In fact, it is not hard to show that any open set in $\bf R$ can be obtained as the projection of a closed set in ${\bf R}^2$ in such a way that the projection is injective (no two points in the closed set project onto the same point in $\bf R$), by a similar technique. This is related to the classical fact that any $G_\delta$ (countable intersection of open sets) in ${\bf R}$ (or any other Polish space, that is, separable and completely metrizable, if you're familiar with the concepts) can be embedded as a closed set in $\bf R^N$ (product of countably infinitely many copies of $\bf R$).

Solution 2:

The graph of $\tan^{-1}(x)$ is closed, but its projection onto the $y$-axis is not.
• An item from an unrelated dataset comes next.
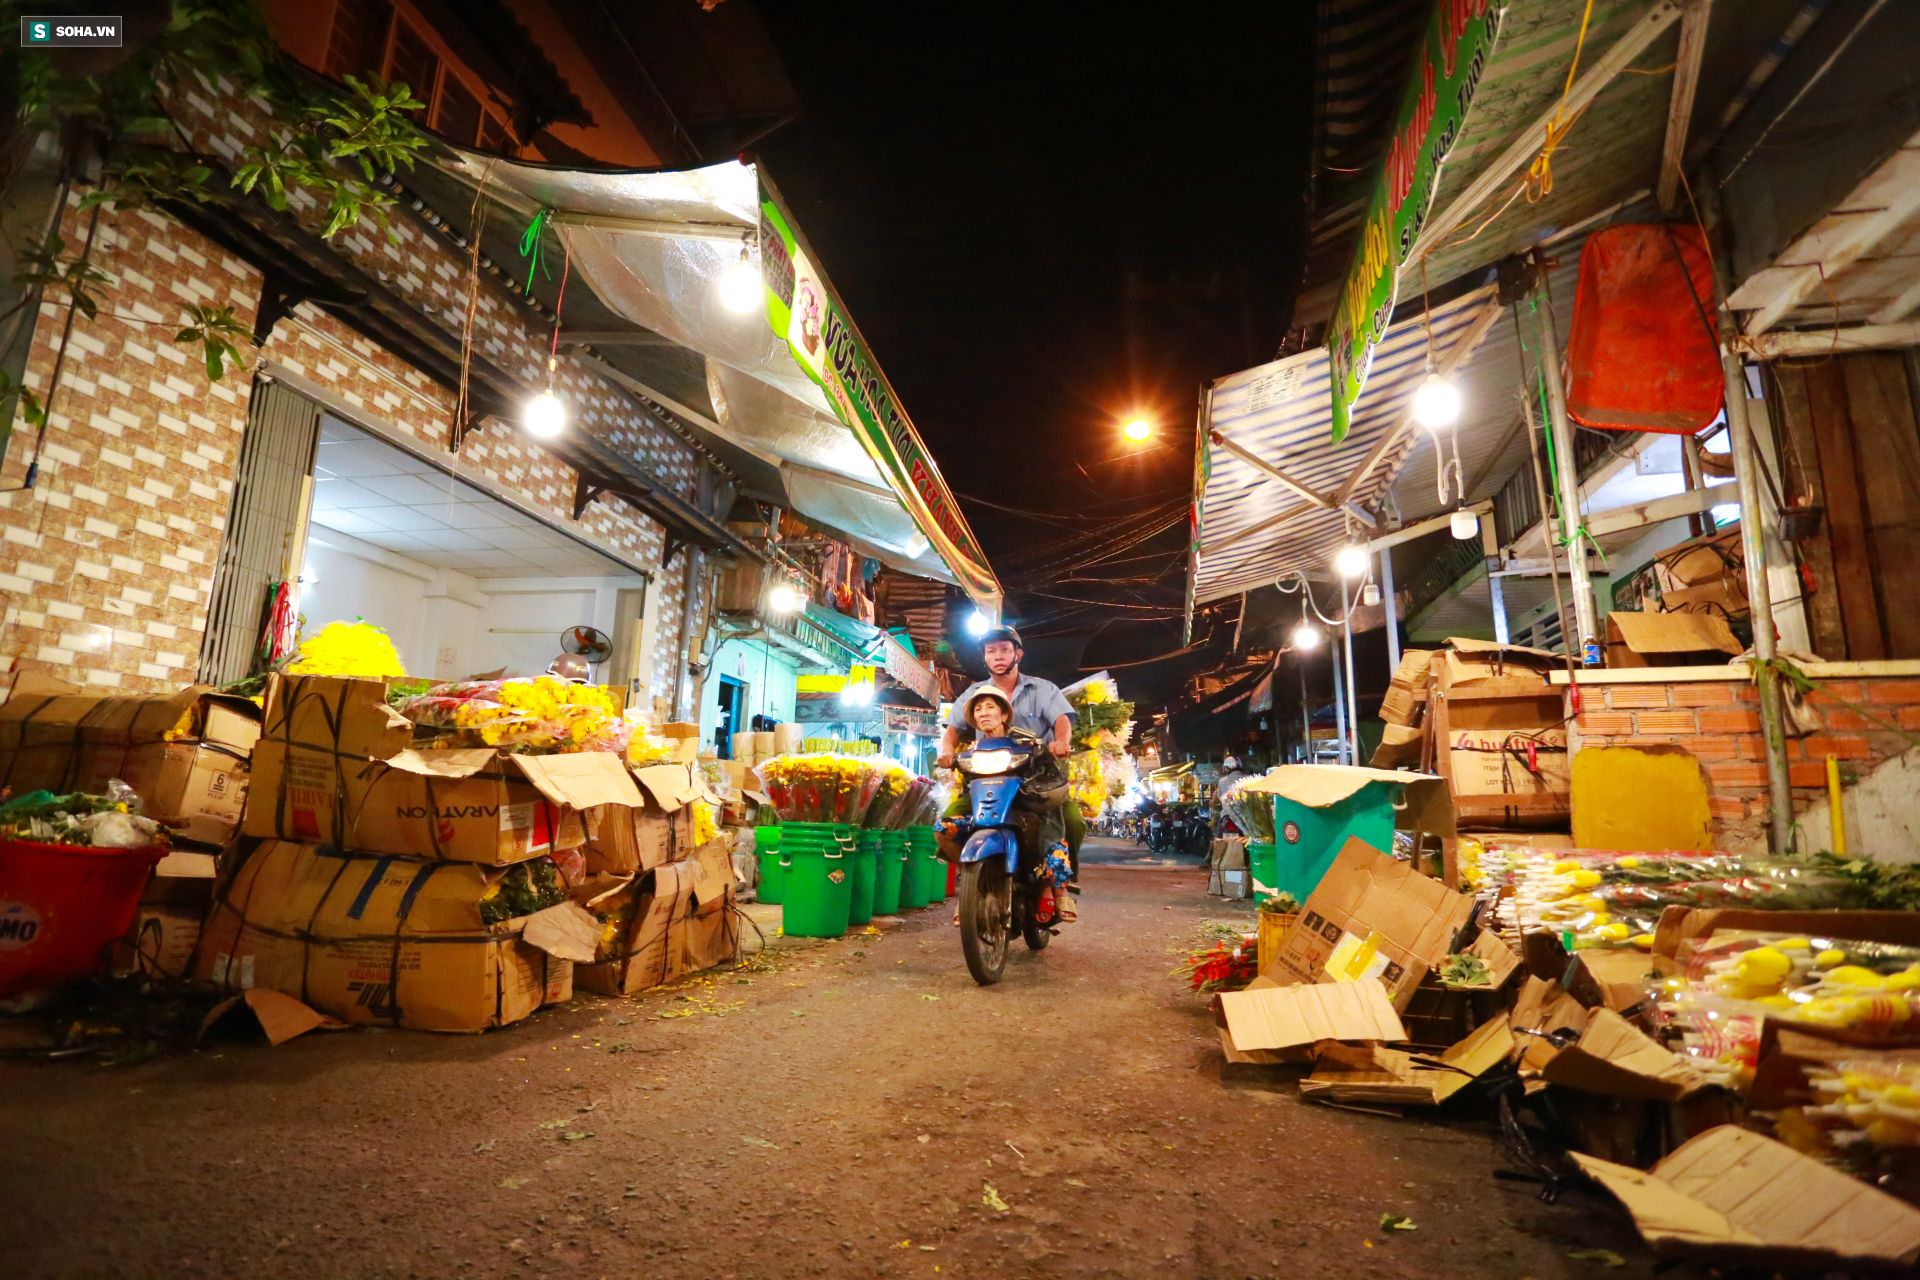 Chợ hoa 30 năm không ngủ ở Sài Gòn nhộn nhịp lúc 2 giờ sáng đón ngày 8/3 - Ảnh 14.

There's a related discussion in SO at Projection map being a closed map.

Solution 3:

Consider the map $\phi : \mathbb{R}^2 \to \mathbb{R}$ that takes: $$(x,y) \mapsto x \cdot y.$$

This map is continous, thus $\phi^{-1}(1)$ is closed in $\mathbb{R}^2$. On the other hand its projection onto the first coordinate is $\mathbb{R} -\{0\}$ which is not closed because it's open and $\mathbb{R}$ is connected.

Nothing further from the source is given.